最后自己管理goroutine的结束实在太累了，所以go语言提供了一种叫做sync.WaitGroup的语法糖。

WaitGroup的用法：

定义WaitGroup本身：var wg sync.WaitGroup
定义需要等待的goroutine数量：wg.Add(20)
等待：wg.Wait()
在goroutine执行完成后done：w.done()

在这个程序里还有一些需要说的点：

WaitGroup作为参数的时候一定要用指针
这里利用函数式编程重构了一下worker构造，把done设置为函数，createworker的时候定义函数同时传入dowork里。

package main

import (
	"fmt"
	"sync"
)

func doWork(id int,
	w worker) {
	for n := range w.in {
		fmt.Printf("Worker %d received %c\n",
			id, n)
		w.done()
	}
}

type worker struct {
	in   chan int
	done func()
}

func createWorker(
	id int, wg *sync.WaitGroup) worker {
	w := worker{
		in: make(chan int),
		done: func() {
			wg.Done()
		},
	}
	go doWork(id, w)
	return w
}

func chanDemo() {
	var wg sync.WaitGroup

	var workers [10]worker
	for i := 0; i < 10; i++ {
		workers[i] = createWorker(i, &wg)
	}

	wg.Add(20)
	for i, worker := range workers {
		worker.in <- 'a' + i
	}
	for i, worker := range workers {
		worker.in <- 'A' + i
	}

	wg.Wait()
}

func main() {
	chanDemo()
}

应用

Go语言有句名言：

Don't communicate by sharing memory, share memory by communicating.

比如我们判断前后程序是否处理是否完成的时候经常设置一个flag变量，然后通过检测这个变量来进行判断，这就是所谓通过共享内存进行通信。
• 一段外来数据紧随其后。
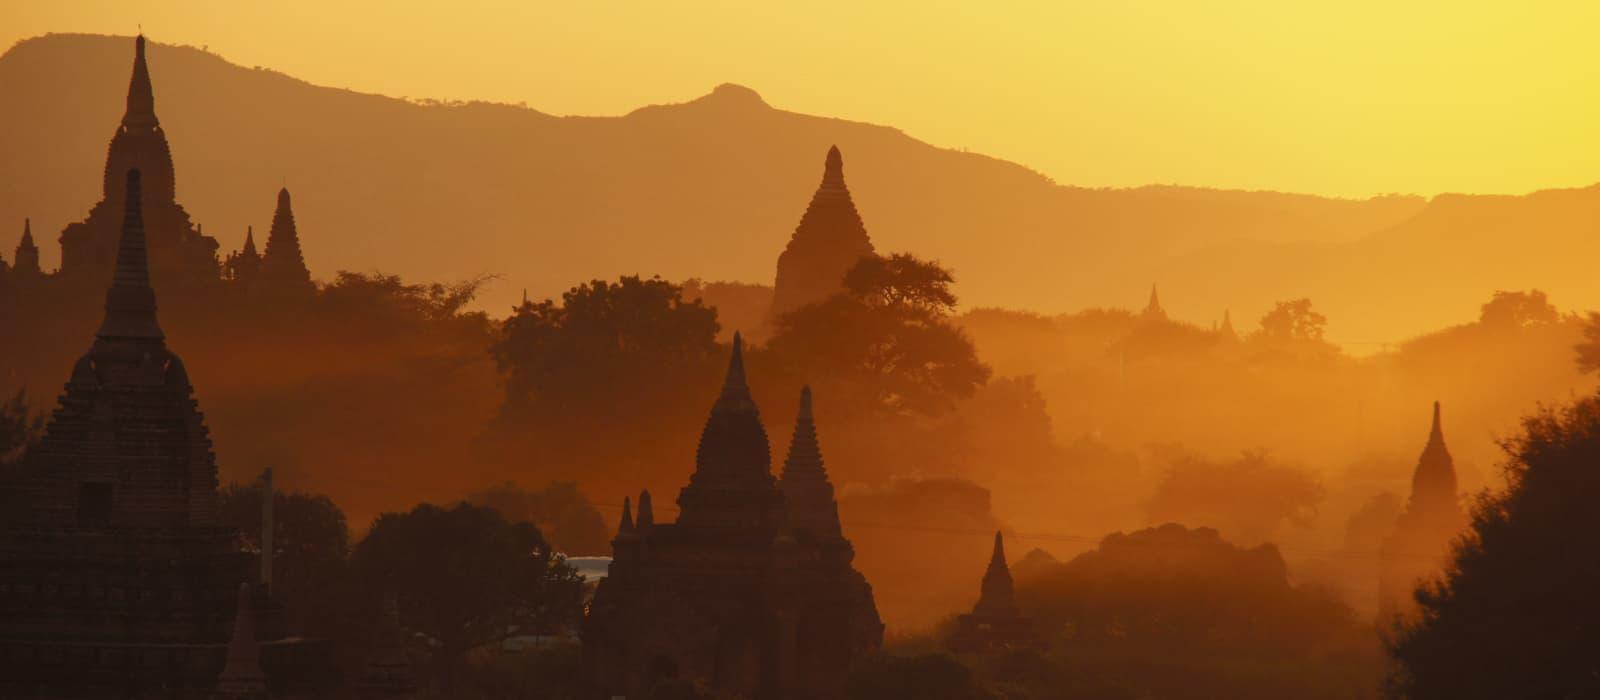 img-diapo-entete - Myanmar-1600x700-1.jpg

但是go语言更提倡通过使用Channel，通过通信来共享内存。

其实说说直接一点就是作者是推荐使用Channel而不是Mutex的。但是还是要分场景，详细可以参照这篇文章。

利用Select

假如你需要从多个Channel接受值，但是你不知道哪一个Channel会先发数据给你。那你可以使用Select语句来完成此类需求。

package main

import (
	"fmt"
	"math/rand"
	"time"
)

func generator() chan int {
	out := make(chan int)
	go func() {
		i := 0
		for {
			time.Sleep(
				time.Duration(rand.Intn(1500)) *
					time.Millisecond)
			out <- i
			i++
		}
	}()
	return out
}

func main() {
	var c1, c2 = generator(), generator()
	for {
		select {
		case n := <-c1:
			fmt.Println("Received from c1: ", n)
		case n := <-c2:
			fmt.Println("Received from c1: ", n)
		}
	}
}

执行结果：

Received from c1:  0
Received from c2:  0
Received from c2:  1
Received from c1:  1
Received from c1:  2
Received from c2:  2
Received from c1:  3
^Csignal: interrupt

假如我想把c1和c2的值传给之前写的worker。可以这样写。

package main

import (
	"fmt"
	"math/rand"
	"time"
)

func generator() chan int {
	out := make(chan int)
	go func() {
		i := 0
		for {
			time.Sleep(
				time.Duration(rand.Intn(1500)) *
					time.Millisecond)
			out <- i
			i++
		}
	}()
	return out
}

func worker(id int, c chan int) {
	for n := range c {
		fmt.Printf("Worker %d received %c\n",
			id, n)
	}
}

func createWorker(id int) chan<- int {
	c := make(chan int)
	go worker(id, c)
	return c
}

func main() {
	w := createWorker(0)
	var c1, c2 = generator(), generator()
	for {
		n := 0
		select {
		case n = <-c1:
			fmt.Println("Received from c1: ", n)
		case n = <-c2:
			fmt.Println("Received from c2: ", n)
		case w <- n:
		}
	}
}

但是这样写有个问题，由于generator需要等待，所以在一开始的时候，会走很多遍case w <- n同时输出0。所以我们在传给worker之前，需要检查n是否为空。

package main

import (
	"fmt"
	"math/rand"
	"time"
)

func generator() chan int {
	out := make(chan int)
	go func() {
		i := 0
		for {
			time.Sleep(
				time.Duration(rand.Intn(1500)) *
					time.Millisecond)
			out <- i
			i++
		}
	}()
	return out
}

func worker(id int, c chan int) {
	for n := range c {
		fmt.Printf("Worker %d received %c\n",
			id, n)
	}
}

func createWorker(id int) chan<- int {
	c := make(chan int)
	go worker(id, c)
	return c
}

func main() {
	worker := createWorker(0)
	var c1, c2 = generator(), generator()
	n := 0
	hasValue := false
	for {
		// nil chan永远不会被select到
		var activeworker chan<- int 
		if hasValue {
			activeworker = worker
		}
		select {
		case n = <-c1:
			fmt.Println("Received from c1: ", n)
			hasValue = true
		case n = <-c2:
			fmt.Println("Received from c2: ", n)
			hasValue = true
		case activeworker <- n:
			hasValue = false
		}
	}
}

这样就对了，这里有个知识点是nil chan永远不会被select到。用var activeworker chan<- int定义的chan是nil，所以在最后的case activeworker <- n的时候可以用来作为判断条件。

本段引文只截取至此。